Now, there are obvious realities to consider when you’re talking about the difference between men’s sport and women’s sport. The Mayo men’s team aren’t the commercial powerhouse that, say, the Dublin’s men’s team are but they bring in the guts of €250,000 a year in sponsorship money and a similar chunk of change in gate receipts from the National League and county championship.
Travel expenses
That’s before there’s any fundraising done or summer camps run or Central Council grants drawn down. The travel expenses and gym memberships and sundry other benefits that come their way are covered by income that they play a big role in attracting. Same goes, to varying and diminishing degrees, with every men’s county team. With the best will in the world, the Mayo women’s team don’t have that pulling power.
And yet, the phrase, “We’d settle for a bit of food” has to make you sit up straight in your chair. There is a long road to travel for women’s sport and, in all frankness and honesty, it’s impossible to see all the miles being covered in this life or the next. But surely we can all get together and agree that a pot of curry after training for intercounty teams is the absolute least we ought to be able to do.
For that to happen, women’s sport needs more Sarah Rowes. And it needs them to be louder and bolshier and more willing to make things uncomfortable for the people in charge.

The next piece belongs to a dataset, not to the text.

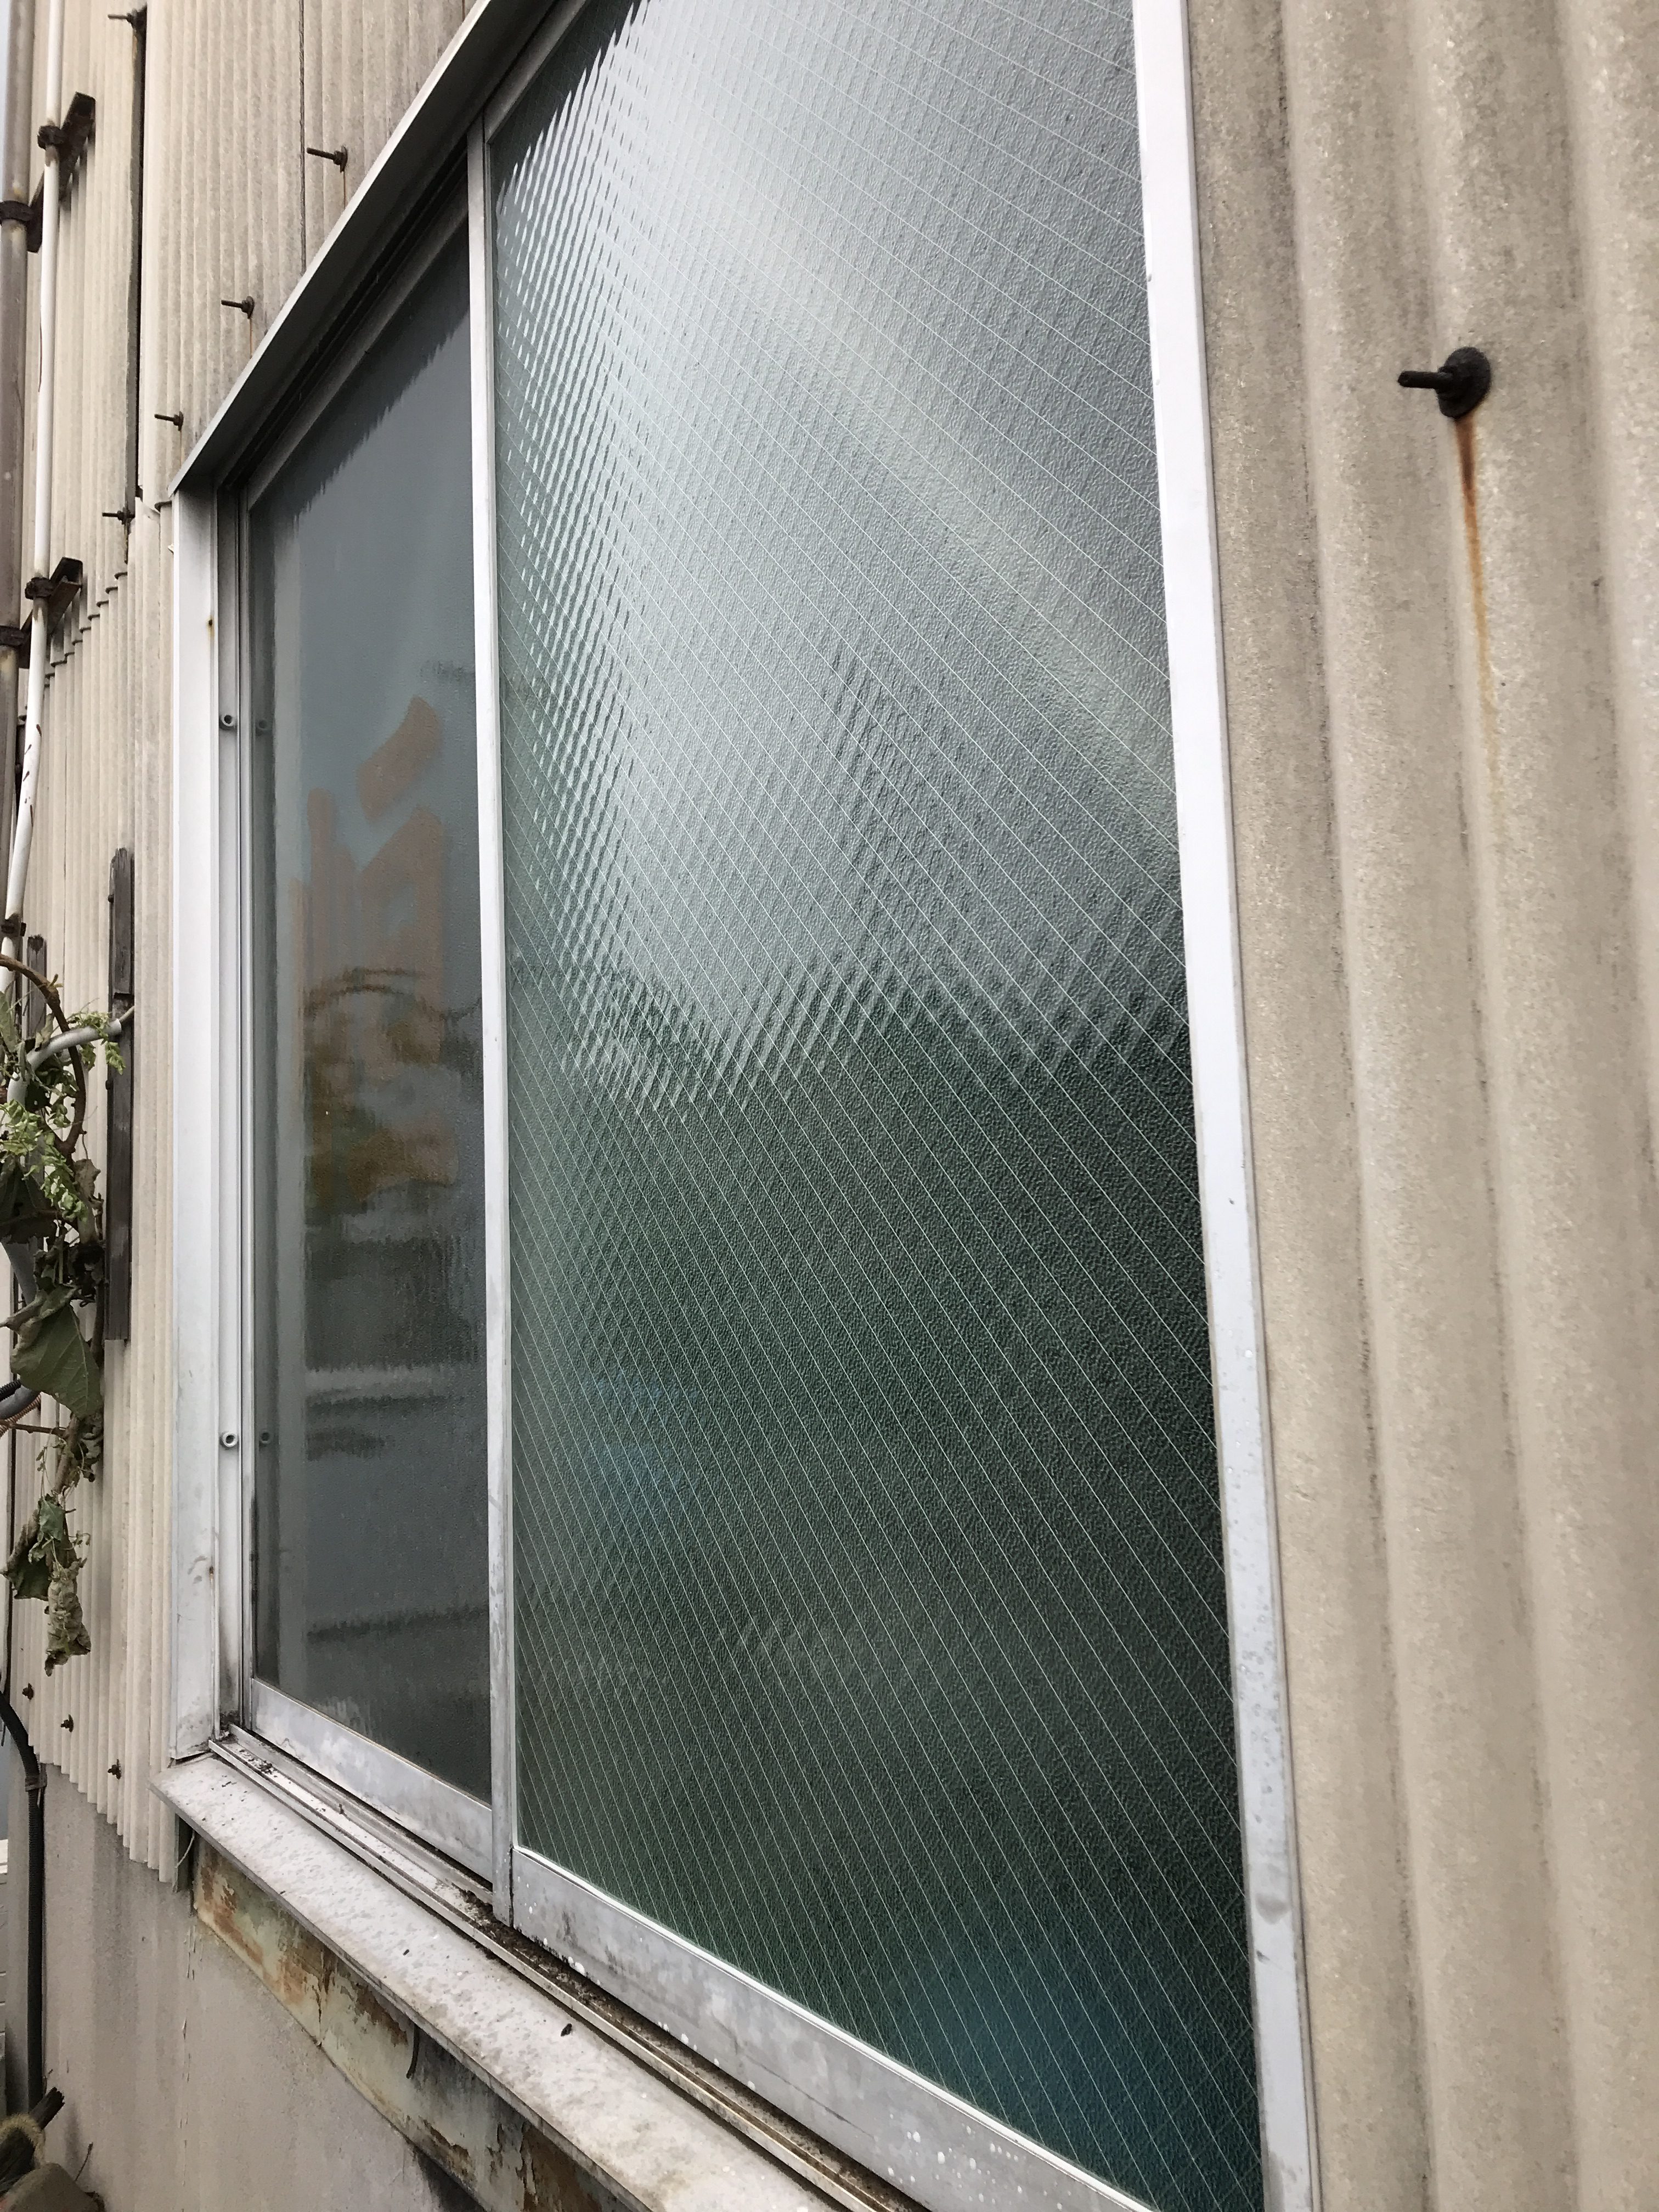 工場の窓ガラス交換。 名古屋のガラス交換・修理。取り付け グラスプラン「大脇硝子店」

The only reason it is seen as being okay for the best women footballers and camogie players in the country to bring their own food to training is that they don’t complain about it. They are literally empty vessels, making no noise.
Very striking
The fruits of the new
Lidl
sponsorship of women’s football are there for all to see these days. That’s the whole point of it from Lidl’s point of view, after all – to be seen. Looking down from billboards, beaming out from the new TV ad. It’s all about eyeballs. But there’s something about it that all feels a little too self-congratulatory, all the more so in light of the day-to-day conditions the sport’s best players have to put up with.

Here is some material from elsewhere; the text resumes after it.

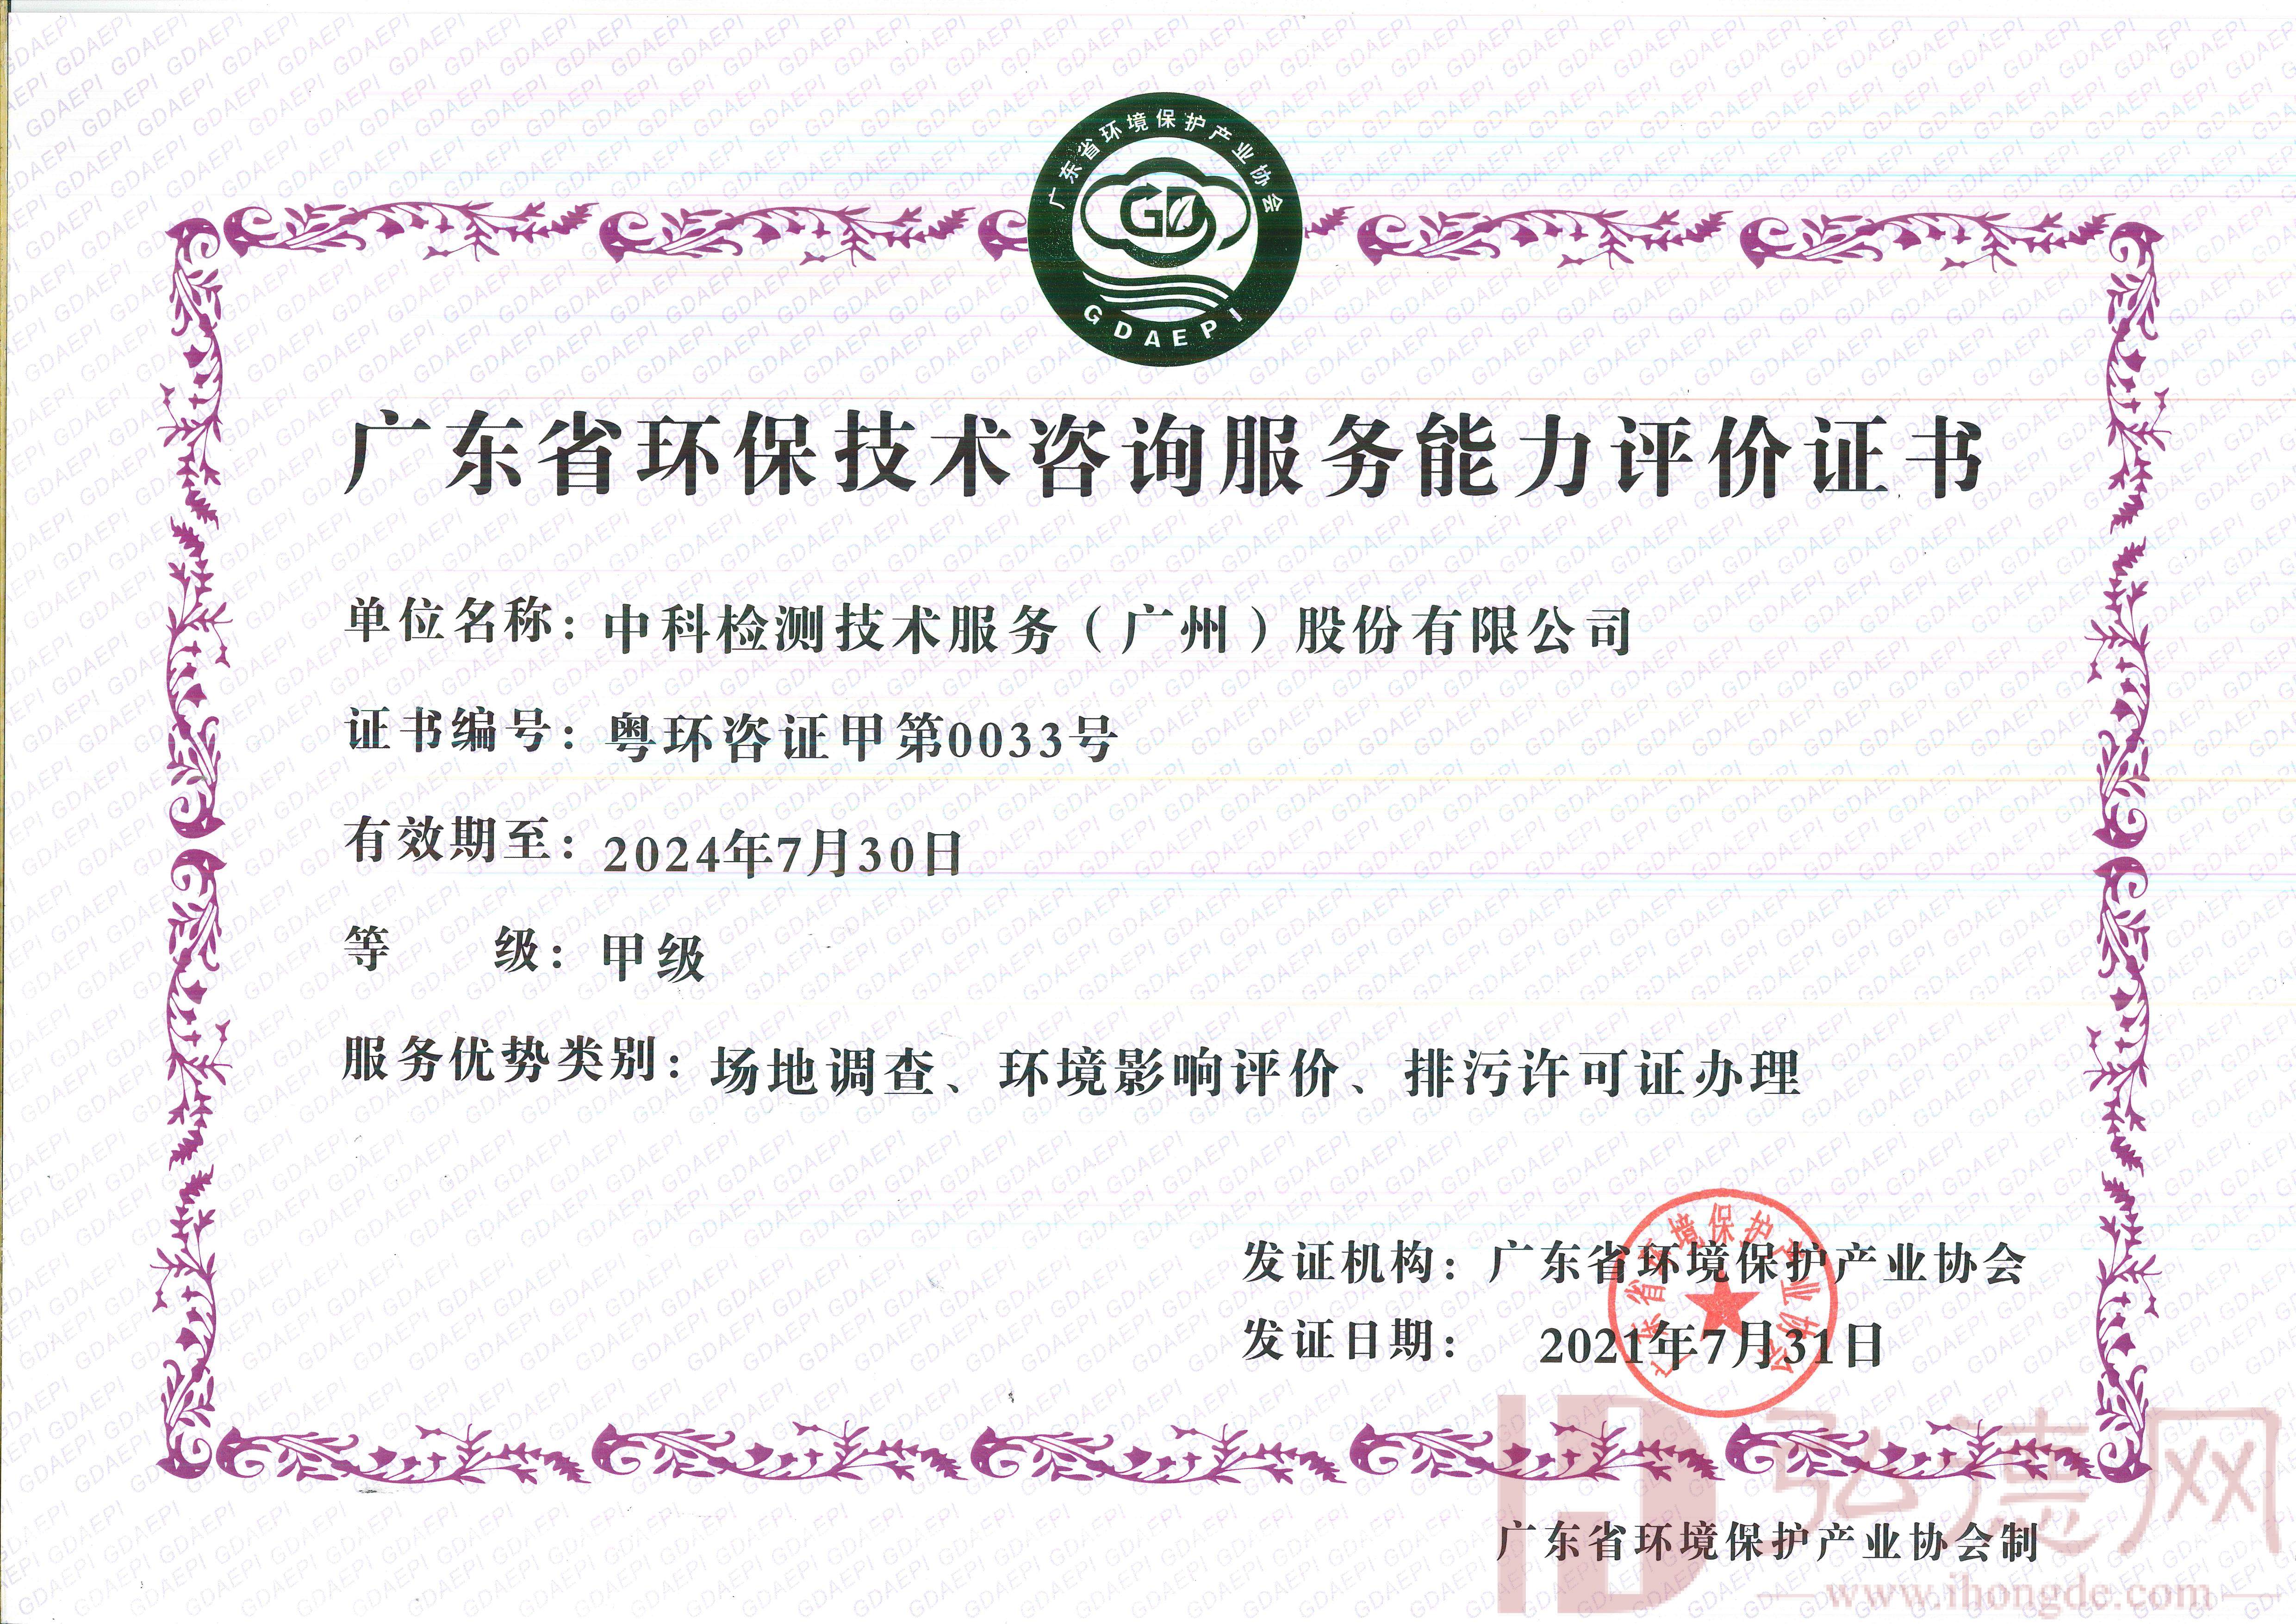 广东省环保技术咨询服务能力评价证书

No doubt about it, €1.5m a year is a phenomenal piece of business by the Ladies Gaelic Footballers Association. And the TV ad in particular is very striking. Lots of action, plenty of hits and spills and muck and dirt. It was filmed on location in Laois last month and a few of the players involved joked on Twitter afterwards about the production company having to pipe in fake rain to get the look of it just right.
Fake rain. In Ireland. During the wettest January in 60 years. While county teams are organising rosters for bringing food to training.
There’s something wrong with that picture.